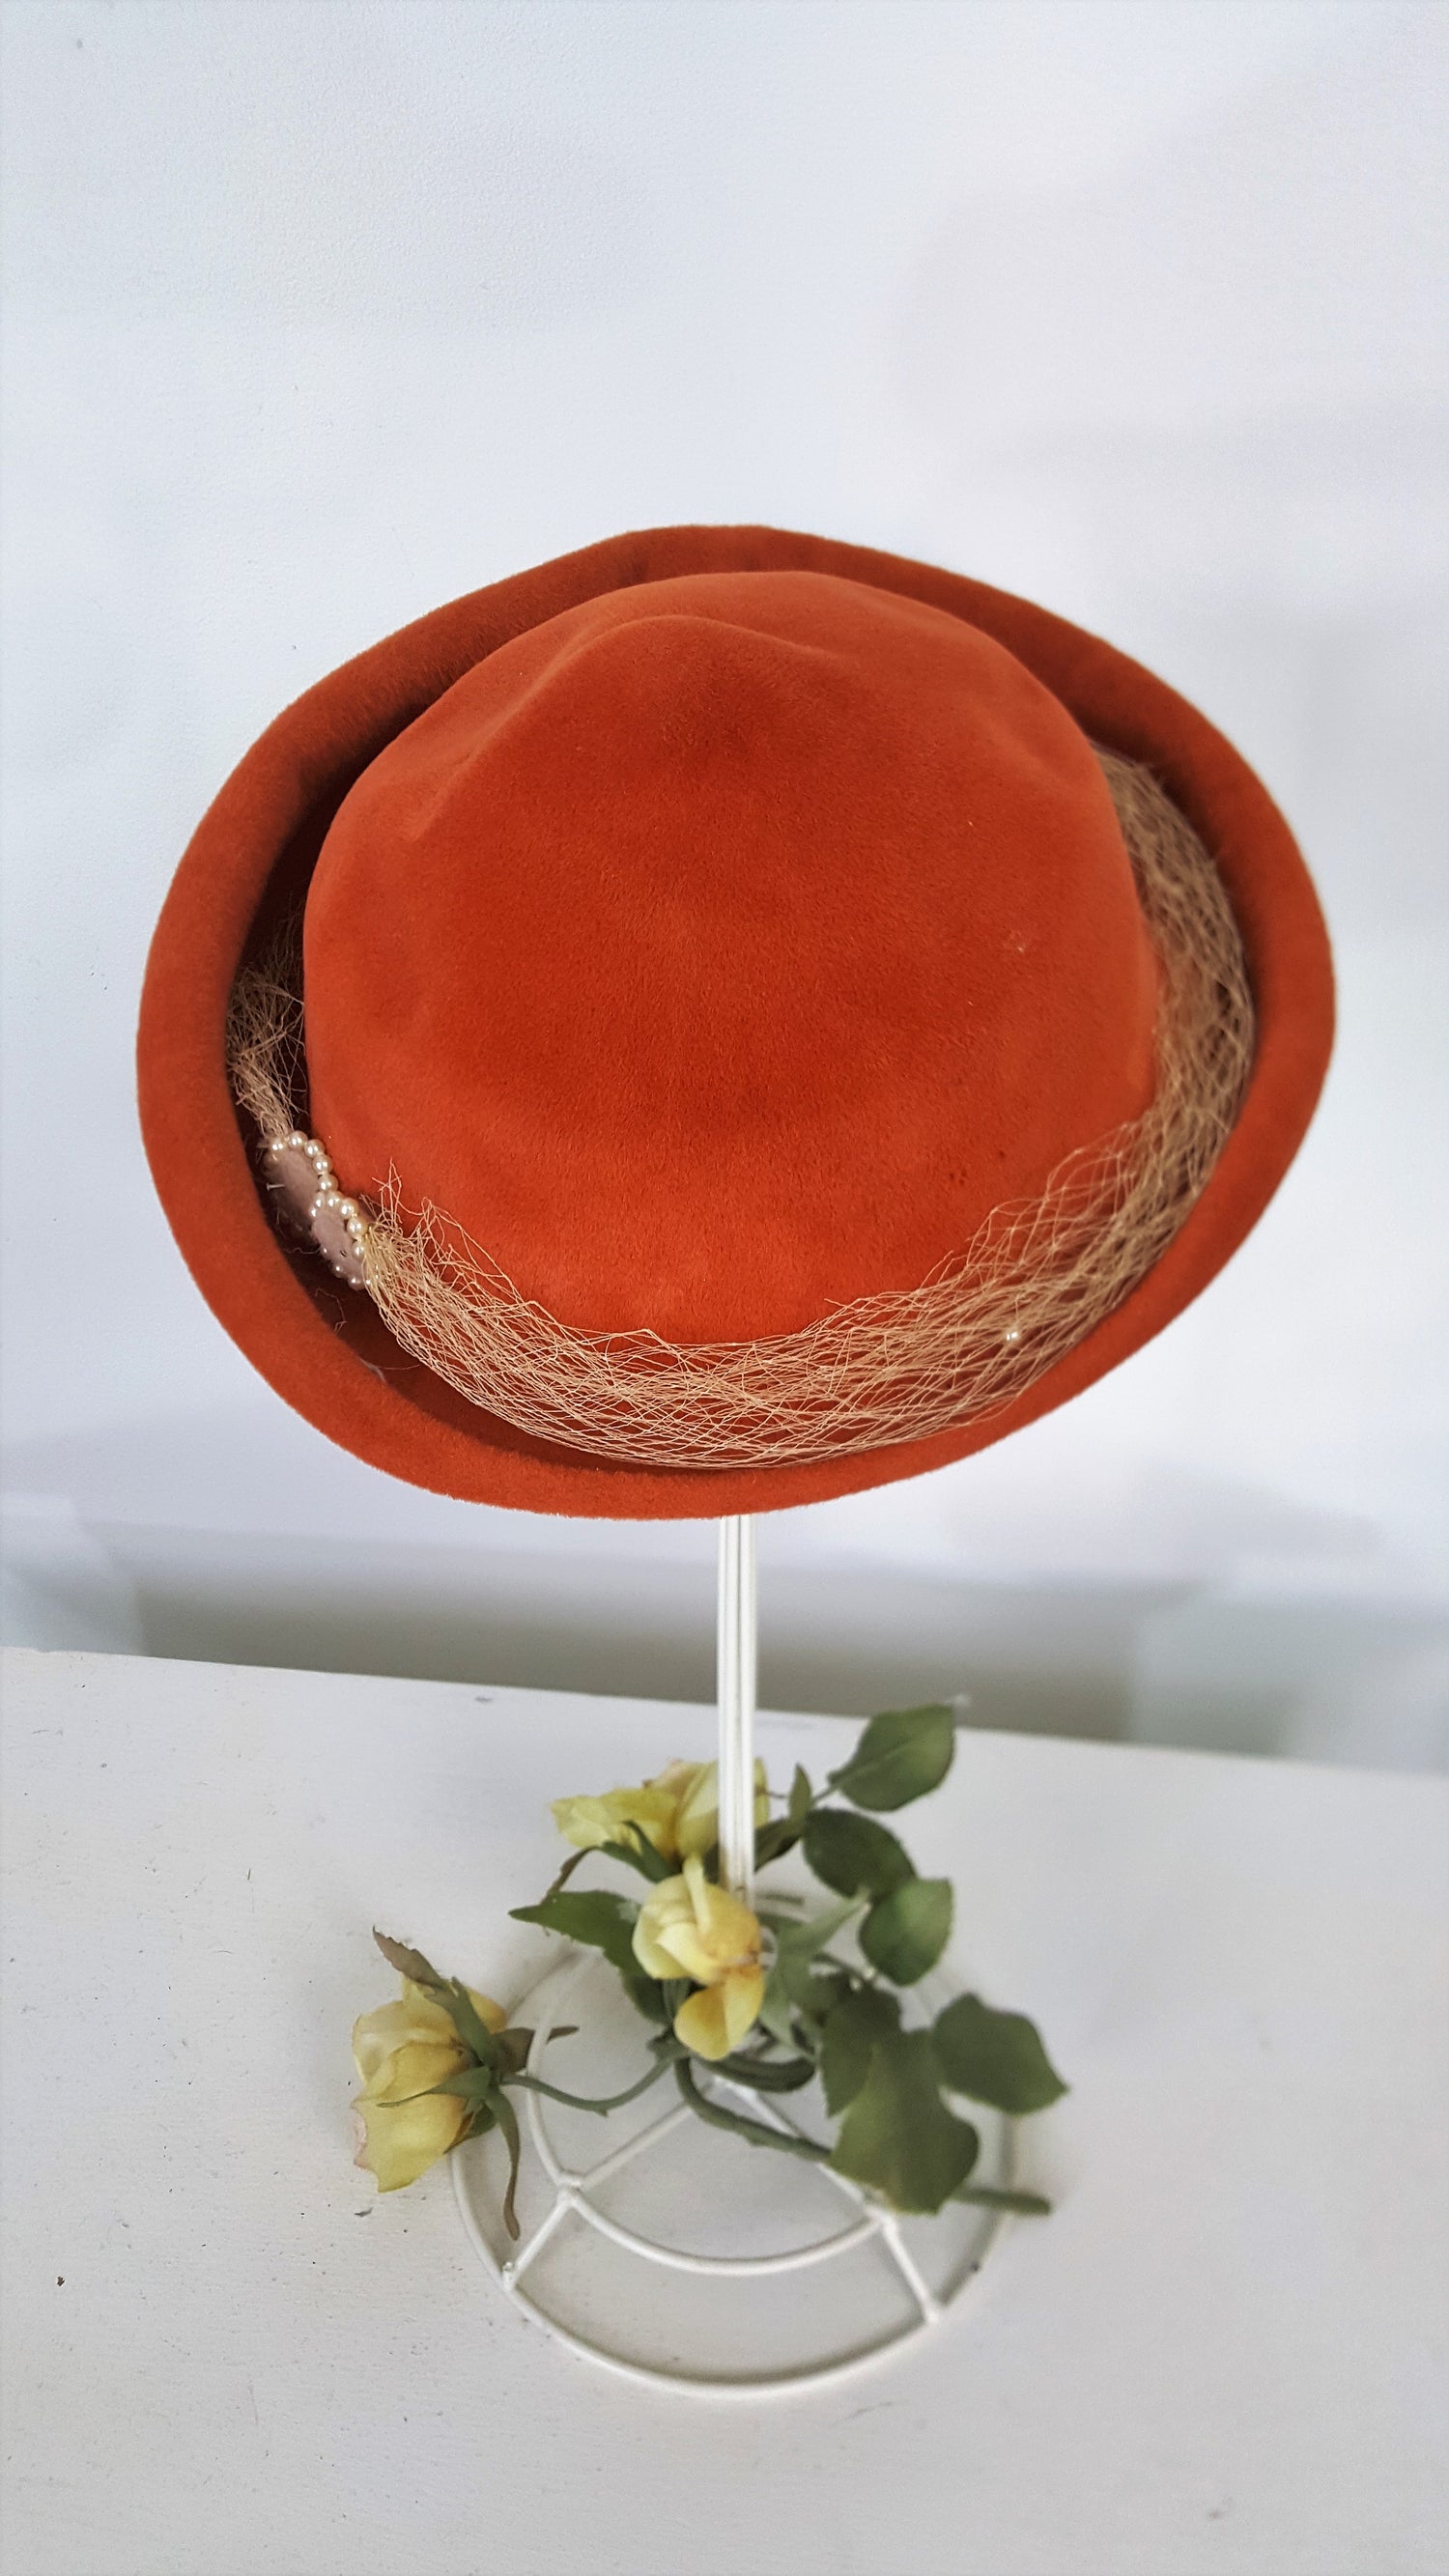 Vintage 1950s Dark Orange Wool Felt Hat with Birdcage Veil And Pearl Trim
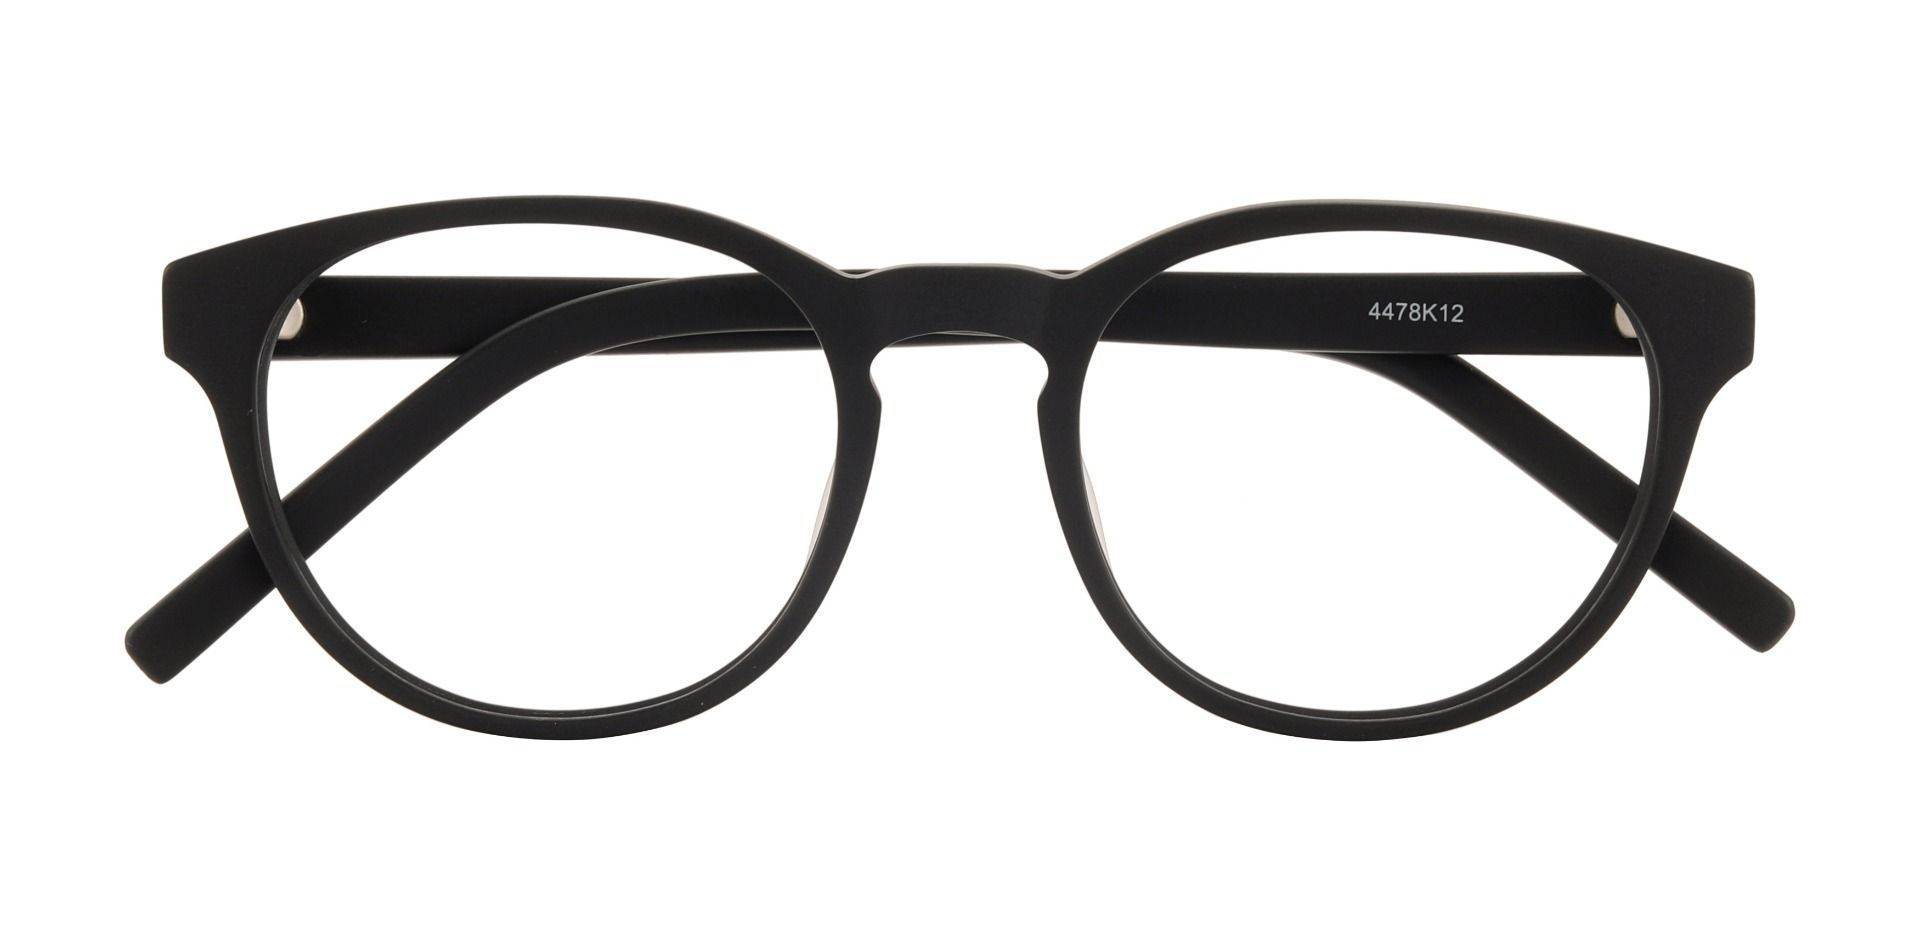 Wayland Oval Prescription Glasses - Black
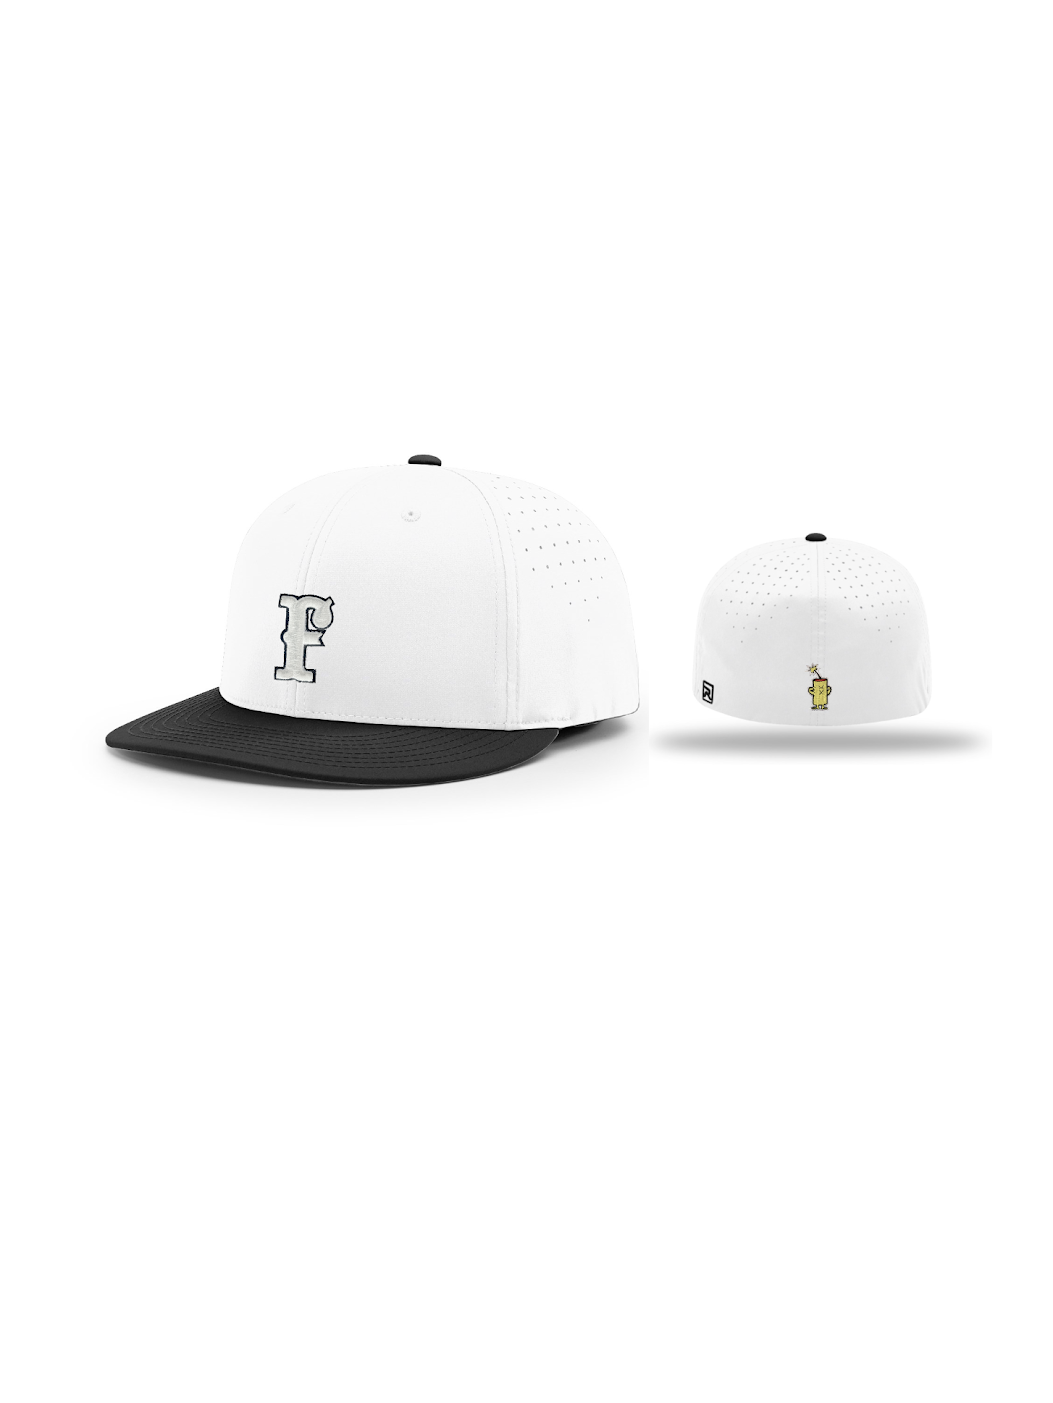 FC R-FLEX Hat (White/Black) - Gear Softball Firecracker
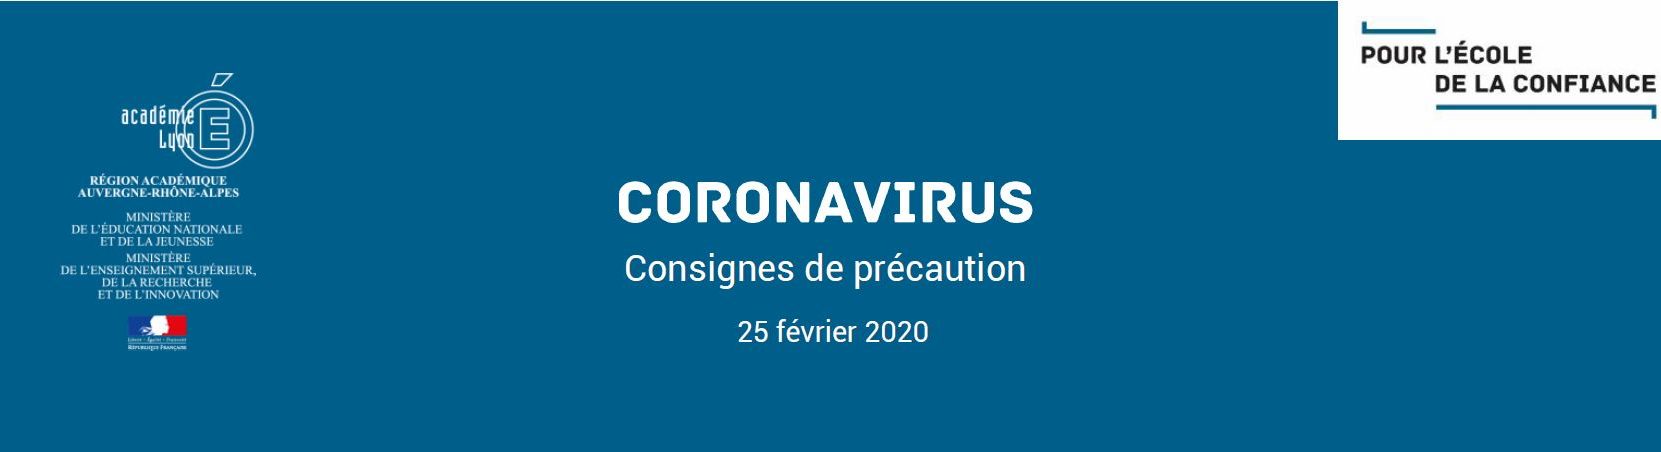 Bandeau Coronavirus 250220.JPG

● ● ● ●

» Problem statement
Please return the lines from the line with "FC R-FLEX Hat" through the last line of the data, both included, exactly, and without pictures.

» Your response
 FC R-FLEX Hat (White/Black) - Gear Softball Firecracker
 Bandeau Coronavirus 250220.JPG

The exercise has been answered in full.